Gorgias, Tentang yang Tidak Ada atau Tentang Alam

Selamat Datang di Blog Materi IPA. Judul Postingan Kali ini tentang Gorgias, Tentang yang Tidak Ada atau Tentang Alam. Semoga bermanfaat untuk dibaca.

Gorgias lahir sekitar tahun 483 SM di Leontinoi, Sisilia. Mula-mula ia adalah murid Empedokles, namun kemudian dipengaruhi oleh dialektika Zeno. Pada tahun 427 SM, ia datang ke Athena sebagai duta kota asalnya untuk meminta pertolongan melawan kota Syrakusa. Sebagai sofis, ia mengelilingi kota-kota Yunani, terutama Athena. Di sana, ia meraih sukses besar. Ia menjadi guru yang sangat dijunjung tinggi dan memiliki banyak murid. Ia meninggal pada usia 108 tahun, kira-kira pada tahun 375 SM.

Karya Gorgias yang menonjol adalah Tentang yang Tidak Ada atau Tentang Alam. Dalam buku tersebut, ia mempertahankan tiga pendirian sebagai berikut.

Pertama, tidak ada yang ada, atau dengan kata lain realitas itu sebenarnya tidak ada. Sementara, Zeno pernah menyim­pulkan bahwa hasil pemikiran itu selalu tiba pada paradoks, dan sesungguhnya realitas itu tunggal dan banyak, terbatas dan tidak terbatas, serta dicipta dan tak dicipta. Karena kontradiksi tidak dapat diterima, maka menurut Gorgias, pemikiran lebih baik tidak menyatakan apa-apa tentang realitas.

Kedua, seandainya sesuatu itu ada, maka ia tidak akan dapat diketahui. Hal ini disebabkan pengindraan itu tidak dapat dipercaya dan merupakan sumber ilusi. Menurut Gorgias, akal juga tidak mampu meyakinkan tentang bahan alam semesta ini, karena kita telah dikungkung oleh dilema subjektif. 

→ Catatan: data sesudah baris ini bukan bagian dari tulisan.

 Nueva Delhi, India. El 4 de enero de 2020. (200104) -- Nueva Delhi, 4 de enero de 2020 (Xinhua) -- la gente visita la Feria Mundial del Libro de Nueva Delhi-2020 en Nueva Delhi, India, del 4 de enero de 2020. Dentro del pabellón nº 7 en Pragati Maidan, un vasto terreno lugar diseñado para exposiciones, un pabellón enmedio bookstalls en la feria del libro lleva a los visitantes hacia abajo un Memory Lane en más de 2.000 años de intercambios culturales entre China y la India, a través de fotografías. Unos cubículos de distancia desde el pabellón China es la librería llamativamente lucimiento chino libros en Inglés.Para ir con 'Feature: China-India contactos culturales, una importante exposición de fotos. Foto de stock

Ketiga, seandainya sesuatu dapat diketahui, maka pengetahuan itu tidak bisa disampaikan kepada orang lain. Hal ini menunjukkan kurangnya bahasa untuk mengomuni­kasikan pengetahuan. Semantik modern mengatakan bahwa kata-kata tidak mempunyai pengertian absolut, melainkan hanya mempunyai pengertian yang relatif.

Dalam tradisi Yunani dikatakan bahwa setelah menulis Tentang yang Tidak Ada atau Tentang Alam, Gorgias berbaiik dari filsafat dan mulai mencurahkan perhatiannya pada ilmu retorika. Ia menganggap retorika sebagai seni untuk menyakinkan (the art of persuasion). Oleh sebab itu, orang tidak cukup mengemukakan alasan-alasan yang diarahkan kepada rasio, tetapi perasaan juga harus disentuh. Dari sinilah, Gorgias kemudian menciptakan gaya bahasa yang menerapkan prinsip ini.